ABOUT THIS TASK: The expected answer is the set of lines in the data below between the line holding "Sunset view of" and the line holding "Farm Rio denim", inclusive, written out exactly.

DATA SHOWN:
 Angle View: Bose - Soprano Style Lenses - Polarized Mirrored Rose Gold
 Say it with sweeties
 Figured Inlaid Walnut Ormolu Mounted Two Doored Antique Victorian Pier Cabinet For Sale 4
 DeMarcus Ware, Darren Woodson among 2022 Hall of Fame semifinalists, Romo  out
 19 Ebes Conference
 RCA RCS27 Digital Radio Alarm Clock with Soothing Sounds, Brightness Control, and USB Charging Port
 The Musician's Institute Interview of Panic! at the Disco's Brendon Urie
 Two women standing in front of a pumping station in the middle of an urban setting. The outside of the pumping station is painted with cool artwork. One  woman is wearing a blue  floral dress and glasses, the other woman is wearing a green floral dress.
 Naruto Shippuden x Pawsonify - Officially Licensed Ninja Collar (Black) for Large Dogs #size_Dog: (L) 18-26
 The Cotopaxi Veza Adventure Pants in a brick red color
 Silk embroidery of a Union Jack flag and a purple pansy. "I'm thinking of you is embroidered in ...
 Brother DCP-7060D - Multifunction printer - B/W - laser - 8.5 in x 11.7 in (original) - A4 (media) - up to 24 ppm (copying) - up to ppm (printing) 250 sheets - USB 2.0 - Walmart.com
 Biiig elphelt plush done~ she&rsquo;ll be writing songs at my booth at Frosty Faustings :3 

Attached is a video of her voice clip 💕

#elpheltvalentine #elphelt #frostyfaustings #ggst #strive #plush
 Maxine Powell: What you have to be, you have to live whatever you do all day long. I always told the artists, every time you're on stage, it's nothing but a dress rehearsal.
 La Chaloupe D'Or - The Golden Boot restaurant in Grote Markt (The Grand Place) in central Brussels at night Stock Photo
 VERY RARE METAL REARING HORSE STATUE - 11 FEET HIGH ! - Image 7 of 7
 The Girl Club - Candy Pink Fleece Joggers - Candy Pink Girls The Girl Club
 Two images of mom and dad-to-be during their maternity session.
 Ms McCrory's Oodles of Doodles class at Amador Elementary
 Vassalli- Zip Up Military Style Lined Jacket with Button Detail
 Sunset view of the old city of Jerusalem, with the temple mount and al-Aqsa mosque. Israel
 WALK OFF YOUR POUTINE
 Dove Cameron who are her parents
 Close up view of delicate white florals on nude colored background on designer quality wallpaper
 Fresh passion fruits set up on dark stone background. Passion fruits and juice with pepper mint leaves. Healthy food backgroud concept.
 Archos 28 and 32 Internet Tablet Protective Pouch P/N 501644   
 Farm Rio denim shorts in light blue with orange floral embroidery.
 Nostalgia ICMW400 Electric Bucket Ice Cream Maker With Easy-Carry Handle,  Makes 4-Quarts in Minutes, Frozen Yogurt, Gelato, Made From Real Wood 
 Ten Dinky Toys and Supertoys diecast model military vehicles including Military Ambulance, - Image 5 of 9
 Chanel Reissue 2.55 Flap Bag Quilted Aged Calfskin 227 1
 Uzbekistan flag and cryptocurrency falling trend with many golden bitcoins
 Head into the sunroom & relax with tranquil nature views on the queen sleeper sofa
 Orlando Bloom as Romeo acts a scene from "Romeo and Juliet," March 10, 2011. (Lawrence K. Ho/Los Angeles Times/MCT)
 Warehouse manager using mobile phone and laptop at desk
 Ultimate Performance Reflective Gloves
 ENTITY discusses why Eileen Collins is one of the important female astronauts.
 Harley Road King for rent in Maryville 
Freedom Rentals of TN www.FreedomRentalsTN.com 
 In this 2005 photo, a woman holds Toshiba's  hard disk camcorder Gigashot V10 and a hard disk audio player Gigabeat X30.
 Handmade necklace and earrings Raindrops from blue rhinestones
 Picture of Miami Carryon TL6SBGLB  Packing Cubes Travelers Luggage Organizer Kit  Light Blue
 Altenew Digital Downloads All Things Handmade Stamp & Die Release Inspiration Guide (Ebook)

ANSWER TO THE PROBLEM:
 Sunset view of the old city of Jerusalem, with the temple mount and al-Aqsa mosque. Israel
 WALK OFF YOUR POUTINE
 Dove Cameron who are her parents
 Close up view of delicate white florals on nude colored background on designer quality wallpaper
 Fresh passion fruits set up on dark stone background. Passion fruits and juice with pepper mint leaves. Healthy food backgroud concept.
 Archos 28 and 32 Internet Tablet Protective Pouch P/N 501644   
 Farm Rio denim shorts in light blue with orange floral embroidery.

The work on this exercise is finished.